Trends, help debugging, alerts, baselines to compare from, data for the business to analyze, and things to analyze in the event of a security breach
This is a large scale endeavor. Every 10-12 person has at least 1 "monitoring person"
Even with a dedicated person, the monitoring needs to be simple enough for everyone on the team to understand, especially if it's something that triggers a page.
White-box and black-box monitoring
Black-box can tell you when there is an issue, but not when there is going to be an issue
White-box can see inside the system and see when there are imminent problems on the horizon
Not only is white-box predictive, but for certain things like an application thinking a DB is slow it's the only way to distinguish between an issue with the network and an issue with the database
Symptoms vs causes
Monitoring should address 2 questions, what's broken and why
Table 6-1 shows some symptoms and causes
A symptom is "I'm serving HTTP 500s and 404s" the cause is "Database servers are refusing connections"
Paging should be based on symptoms while data around causes should be used for debugging
From the perspective of someone monitoring an application "Database servers are refusing connections" should not generate the page, "I'm serving HTTP 500s and 404s" should.
At the same time if you are monitoring the DB "Database servers are refusing connections" is a symptom for you and not a cause
4 golden signals
- Latency
- Traffic
- Errors
- Saturation
Scale and accuracy
Find the right resolution for your needs
You can't see more detail than what you collect. Monitoring at the finest detail is costly and creates a lot of noise
If your SLA is 99.9 than checking something more than once a minute is probably unnecessary
What you monitor will change
You will find new things to monitor, but also some things will prove to not be worth monitoring anymore.

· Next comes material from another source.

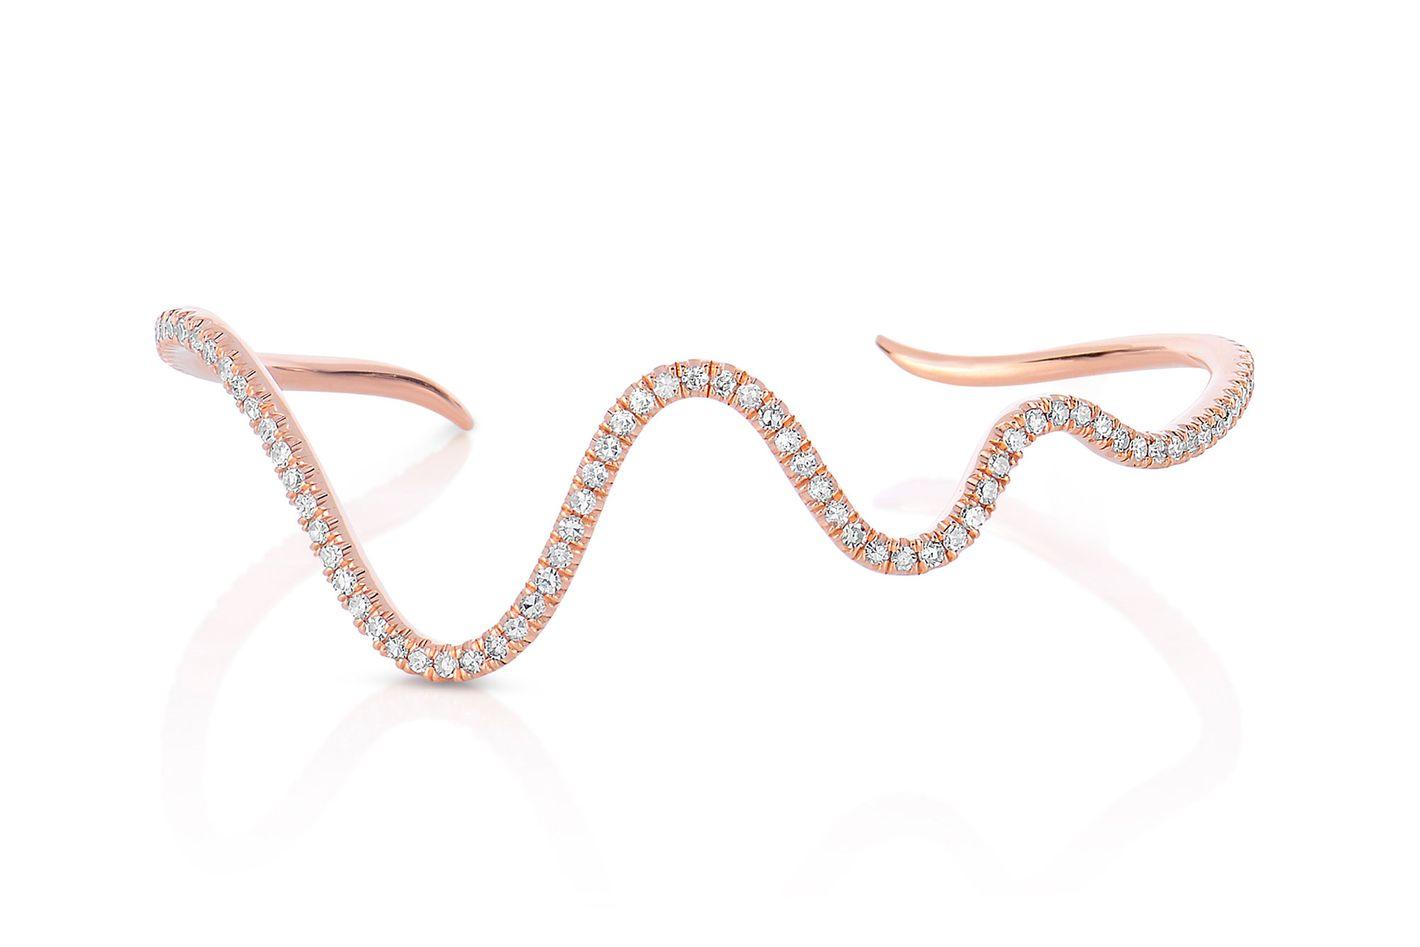 David Alan Jewelry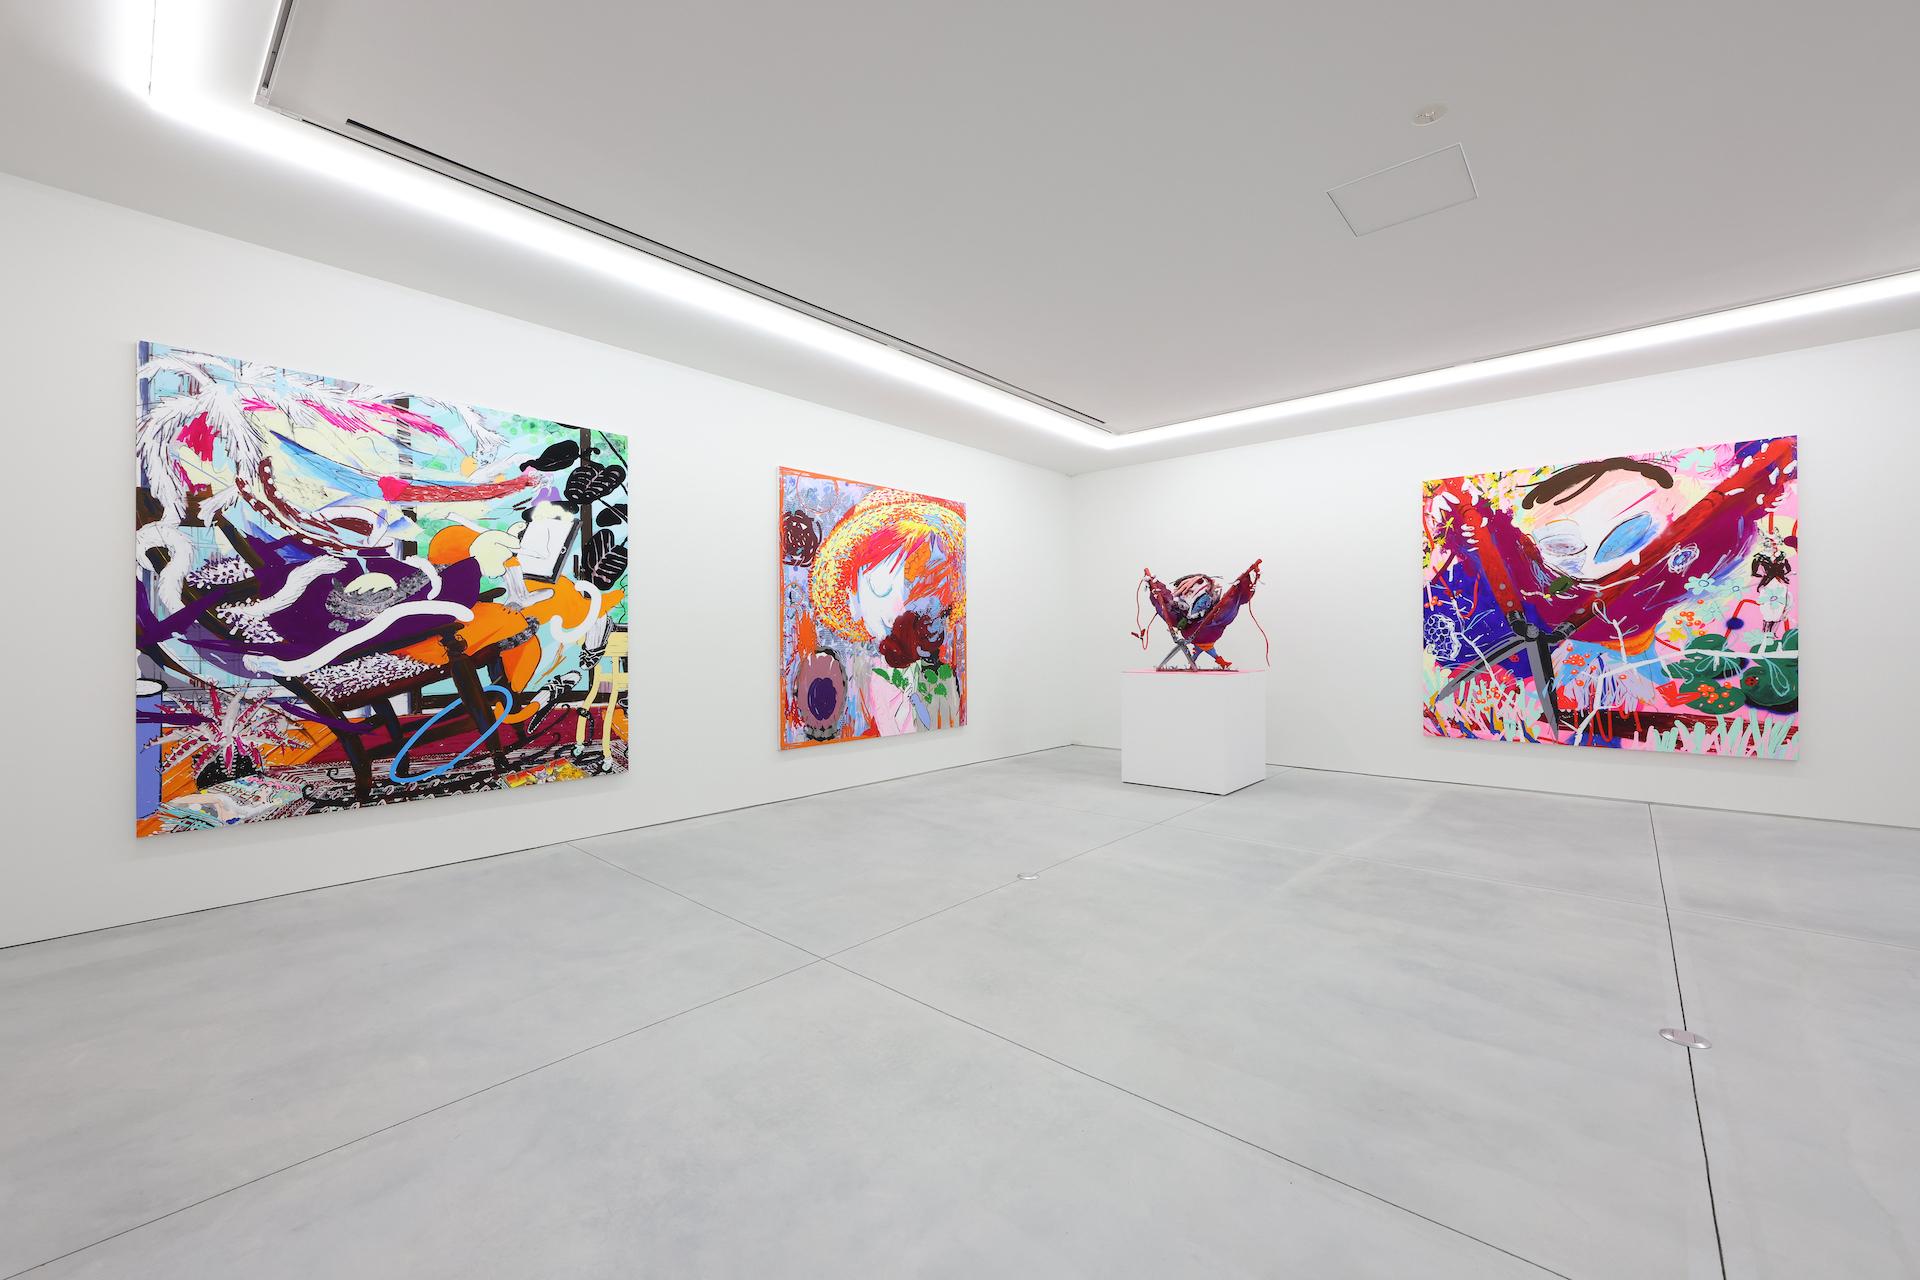 Masato Mori solo exhibition Lonsdaleite Year, NANZUKA UNDERGROUND, Tokyo, 2021 ©Masato Mori Courtesy of NANZUKA

If you are collecting some data but not using it in any alerts or dashboards is it worth keeping?
Pagers and Pages
- Every time the pager goes off, I should be able to react with a sense of urgency. I can only react with a sense of urgency a few times a day before I become fatigued.
- Every page should be actionable.
- Every page response should require intelligence. If a page merely merits a robotic response, it shouldn’t be a page.
- Pages should be about a novel problem or an event that hasn’t been seen before.
Here are some questions to ask about your alerts to make sure you aren't paging for the wrong things
- Does this rule detect an otherwise undetected condition that is urgent, actionable, and actively or imminently user-visible?
- Will I ever be able to ignore this alert, knowing it’s benign? When and why will I be able to ignore this alert, and how can I avoid this scenario?
- Does this alert definitely indicate that users are being negatively affected? Are there detectable cases in which users aren’t being negatively impacted, such as drained traffic or test deployments, that should be filtered out?
- Can I take action in response to this alert? Is that action urgent, or could it wait until morning? Could the action be safely automated? Will that action be a long-term fix, or just a short-term workaround?
- Are other people getting paged for this issue, therefore rendering at least one of the pages unnecessary?
Short and long term balance
Responding to a page is toil, and it takes away resources from more valuable work. Finding the root cause and resolving it is often the best thing to do for the long term. If it can't be resolved, fully automating the response is the next best option
The book shares two case studies
BigTable over alerting, the solution was to lower the SLO to create space to solve underlying issues
Gmail had an issue where the team was concerned if they automated away a rote task the real underlying issue would not be addressed. This showed a lack of faith in the team's ability to clean up their technical debt which is a deeper issue that needs to be addressed, probably by escalating.